Michelle watched her father’s face. The anger had drained away, leaving behind an expression of complete sadness. He said nothing. The silence stretched out. Michelle forced herself to continue meeting his gaze. For a moment she became convinced that he was about to cry.

Finally he walked over and enveloped her in a hug. Michelle unfolded slowly, still tensed from her confrontational stance.

“Michelle, my Chelle,” Her father said at last in a quiet voice. “I know — I know this isn’t easy for you either.” He said this with some difficulty, as if the words scraped his throat as they left it. “I promise you, I don’t think what you’re doing here is unimportant.”

“Okay,” Michelle said carefully, her voice muffled slightly against her father’s torso.

“But this is still more important.”

Michelle didn’t say anything in repsonse, but her shoulders tensed up at this.

Her father noticed and continued. “It’s hard for you to understand that right now. And that’s not your fault. I’m not mad at you, okay? If this truly isn’t important to you, you know what? That’s fine. It isn’t even really all that important to me. But it’s important to everyone else, Michelle. They’ve all travelled a long way to pay their respects. And part of that is seeing you there to pay your respects, too.”
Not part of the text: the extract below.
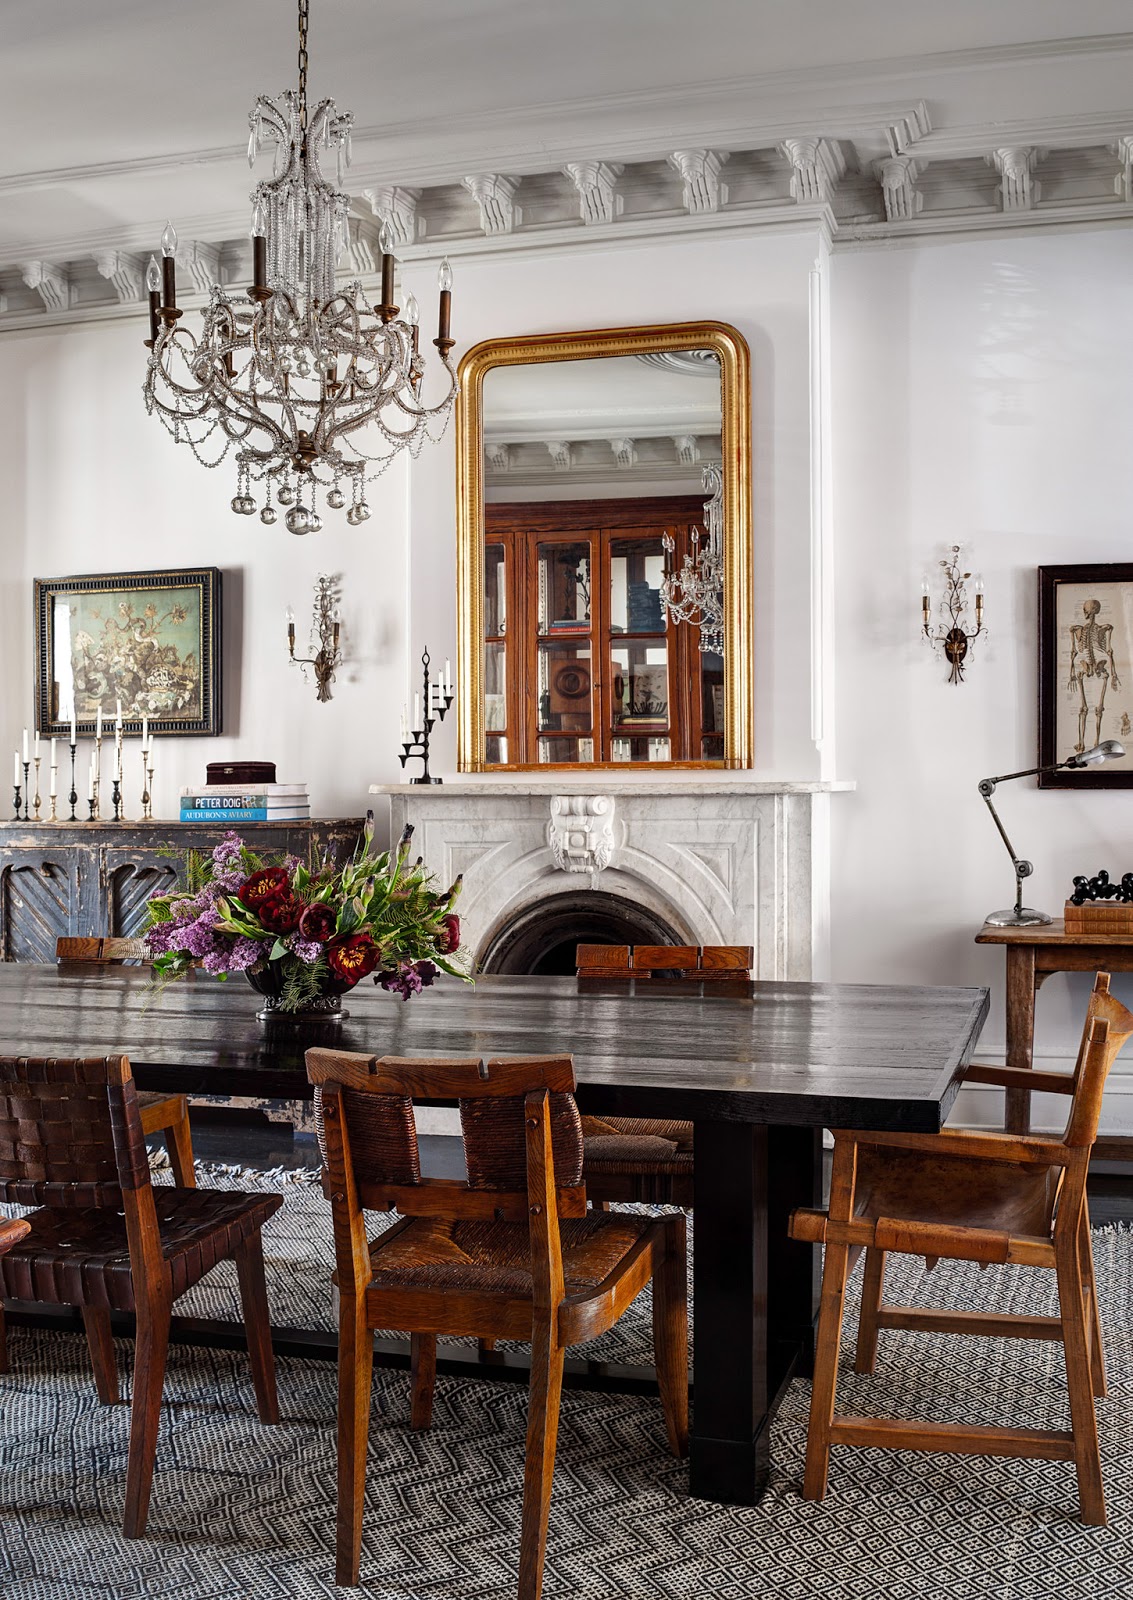 brooklyn-brownstone-great-homes-fireplaces-dining-room
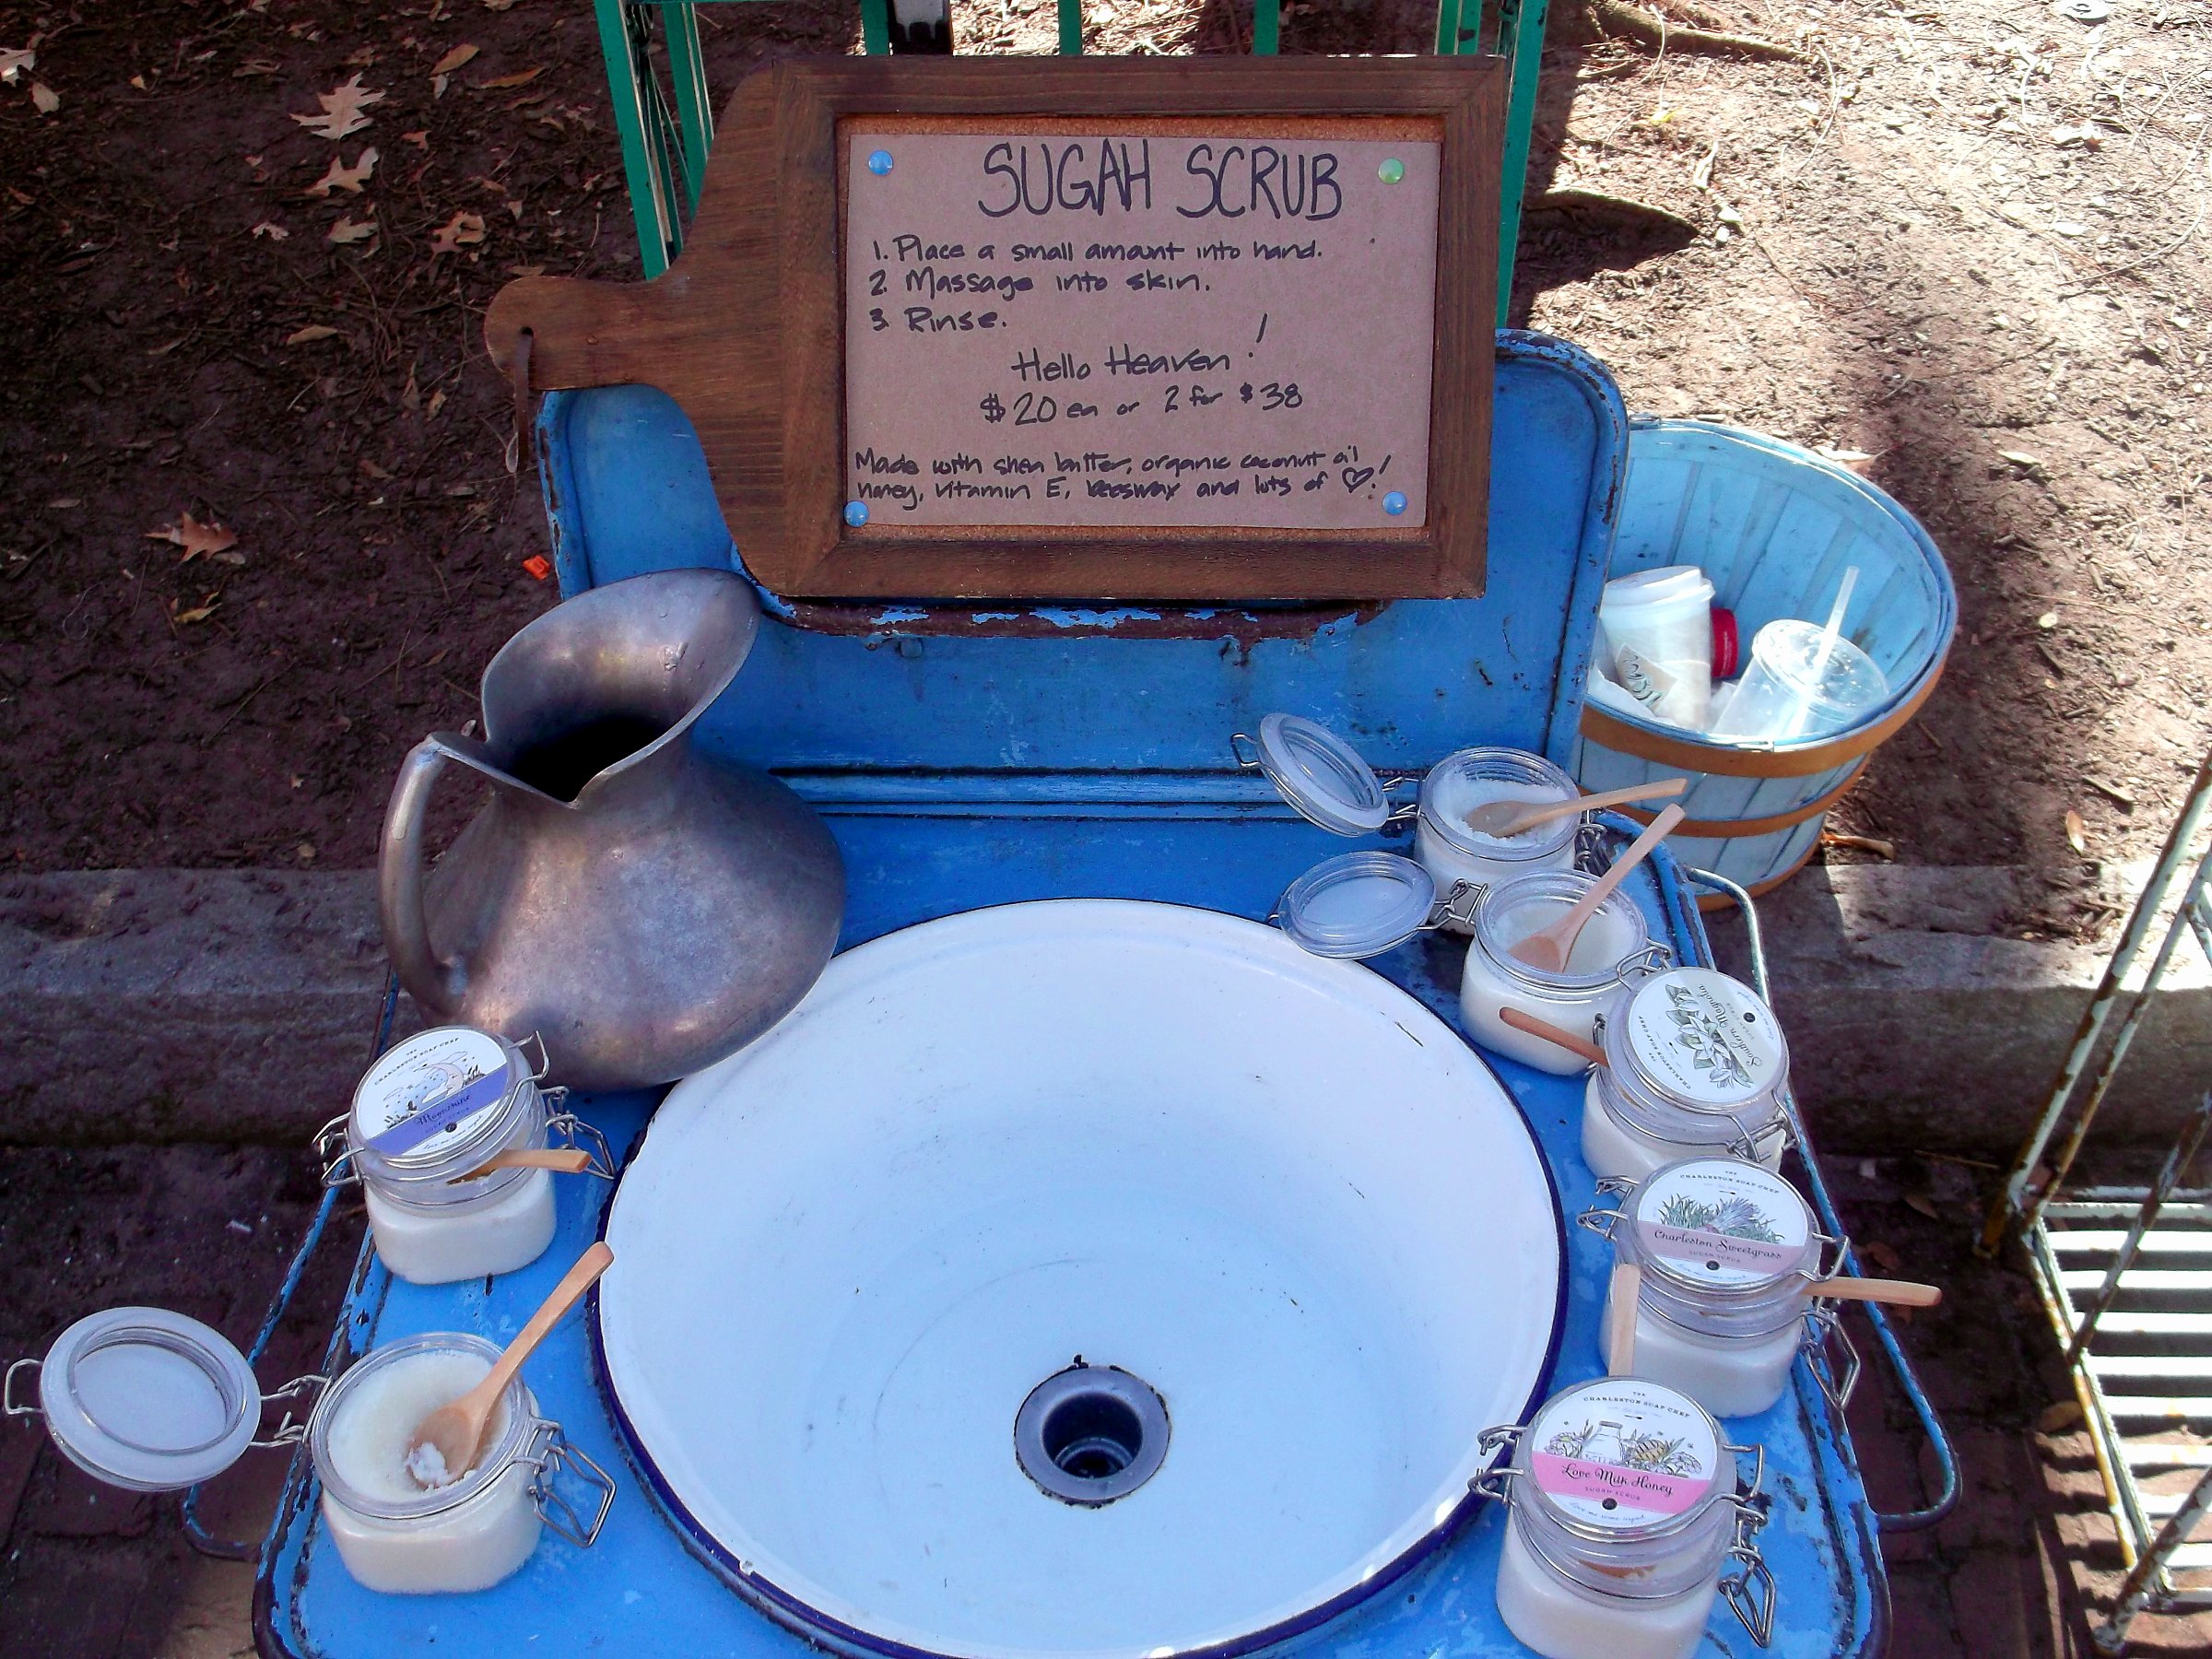 "Sugah Scrub", one of the many quirky local crafts you'll find at the farmers' market.

Michelle closed her eyes tightly as a pair of tears squeezed out.

“I really don’t blame you for wanting to stay down here instead. Part of me would like nothing better than to stay here with you today. Just the two of us. But it wouldn’t be right. And deep down you know that. I know you do.”

Michelle didn’t trust her voice, so instead she merely nodded into her father’s shirt.

“So come on.” He pulled back and looked her in the eye. “It’s time. Go upstairs and get dressed.”

Still silent, Michelle nodded again and retreated up the basement stairs.

Her father looked around the empty room, then stepped over to the desk and gently closed the lid of the laptop.